If there was ever a man to be unruffled by opening for The Boss, it’s The Chief. Screaming along to ‘Little By Little’ is the perfect warm-up for the anthem-avalanche to come, though Noel Gallagher seems more concerned with the England game, dedicating ‘Don’t Look Back In Anger’ to any Italians in the crowd. Careful, Noely G – Bruce’s grandfather was from Italy, and that’s one fight no-one this weekend can win. From the instant the E Street Band bound on, Bruce Springsteen grinning like a demon, it’s all over. ‘Badlands’ begins a very different set from his fan-pleasing, casual-baffling Glasto epic. There’s plenty from the angry, rollicking ‘Wrecking Ball’, and for all the righteous ire of these songs, the devastating force of Bruce’s charisma when they’re played live makes them euphoric, unifying experiences. As the sun goes down a trio of ‘Atlantic City’, ‘Because The Night’ and ‘Working On The Highway’ kick things up several gears.
When it starts getting really ridiculous is when he casually drops ‘Born In The USA’. Then ‘Born To Run’. Then bloody ‘Glory Days’. THEN ‘DANCING IN THE DARK’. It’s madness, and we can only pray for the neural circuits of the lucky girl dragged onstage to play the Courteney Cox role as Bruce tries on her white kitty-cat ear-flapped hat for size. “We’re gonna leave you with a folk song!” he bellows at the end of a dizzy three hours, covering, as The Who did on this island in 1970, ‘Twist And Shout’. It’s the most glorious fun ever.

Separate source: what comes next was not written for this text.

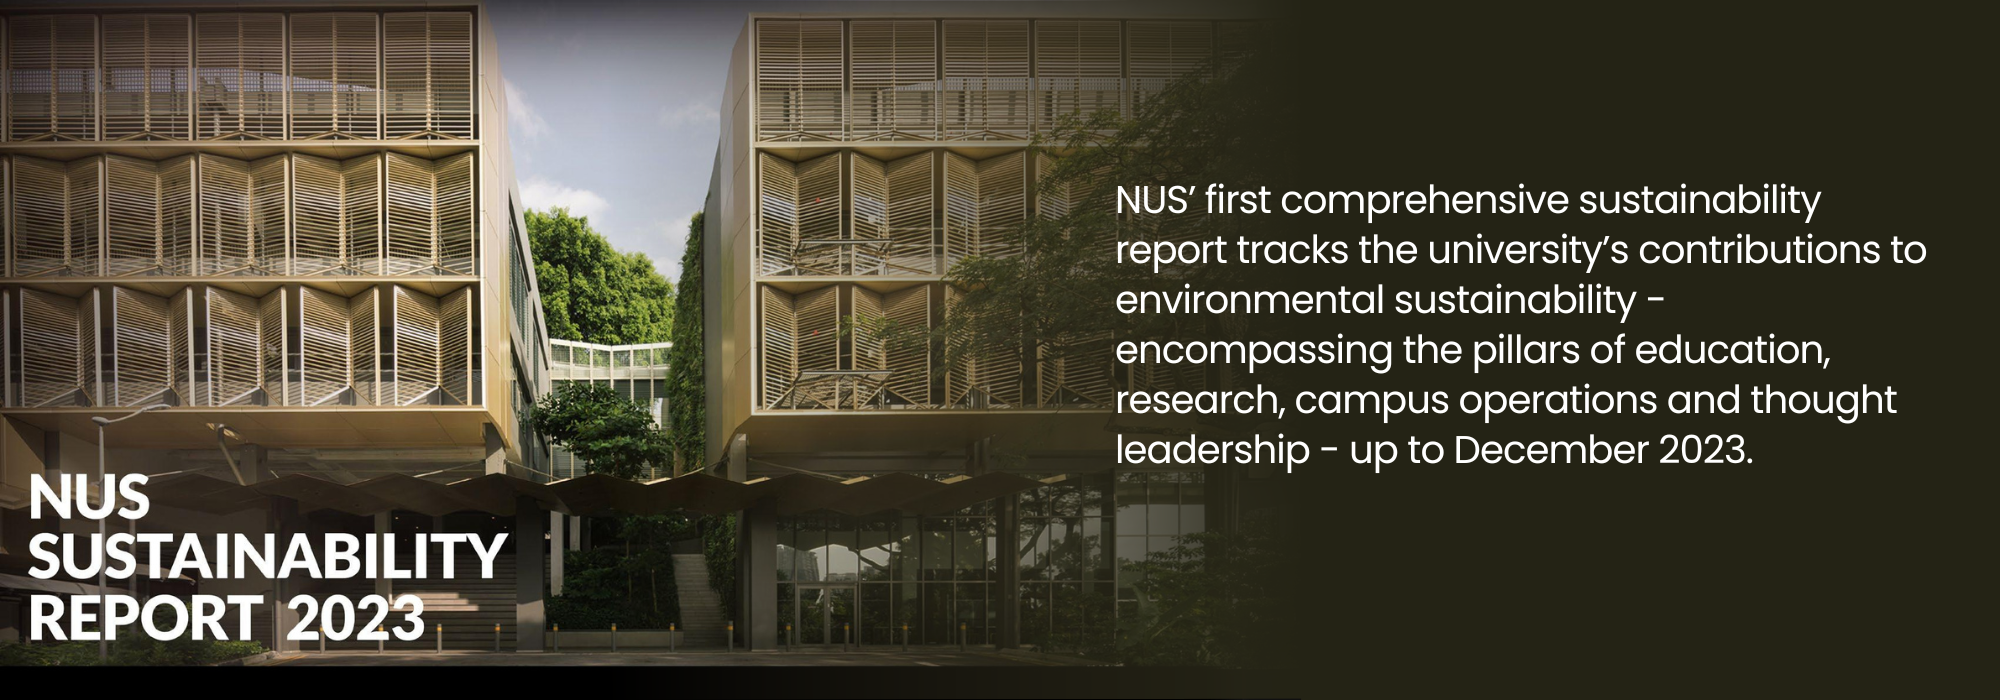 nus sustainability report e banner
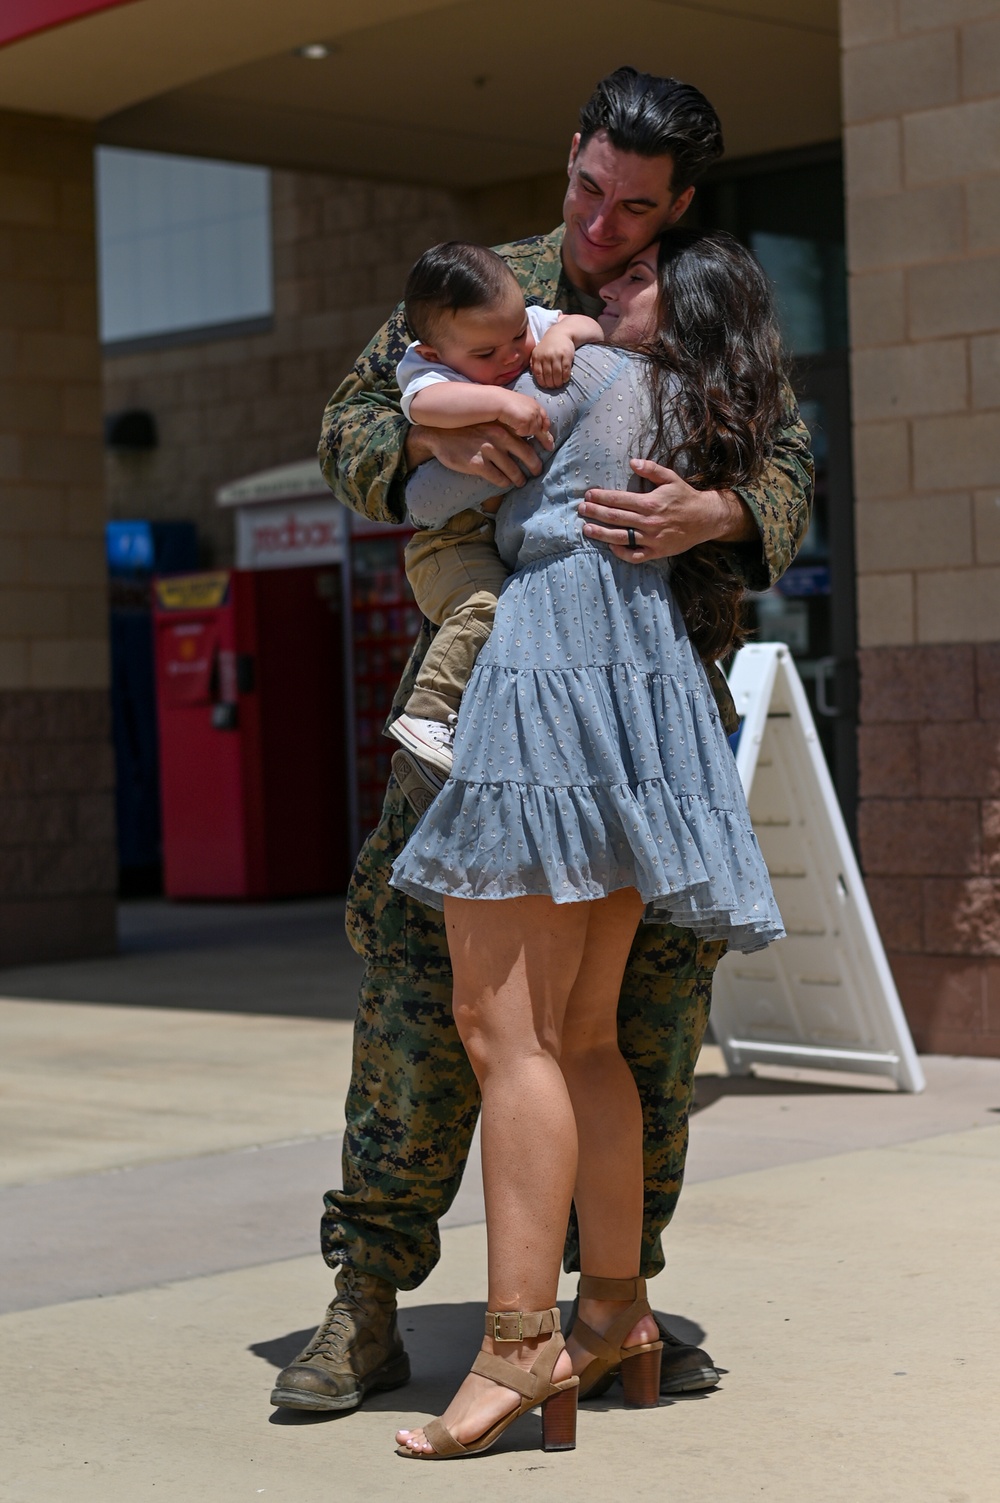 15th MEU All-Domain Reconnaissance Detachment Marines, Sailors return from seven-month deployment

The E Street Band rock on, and on, and you never want them to stop. But they do. And then Bruce gives a wry grin. You didn’t think that was really it, did you? “ONE. LAST. TIIIIIME!” he screams, and the crowd scream with him. In their hearts and his, he will be playing for them, loving the moment more than anyone’s ever loved anything, until the Earth plummets into the sun. That’s why he’s still The Boss. So don’t be frontin’.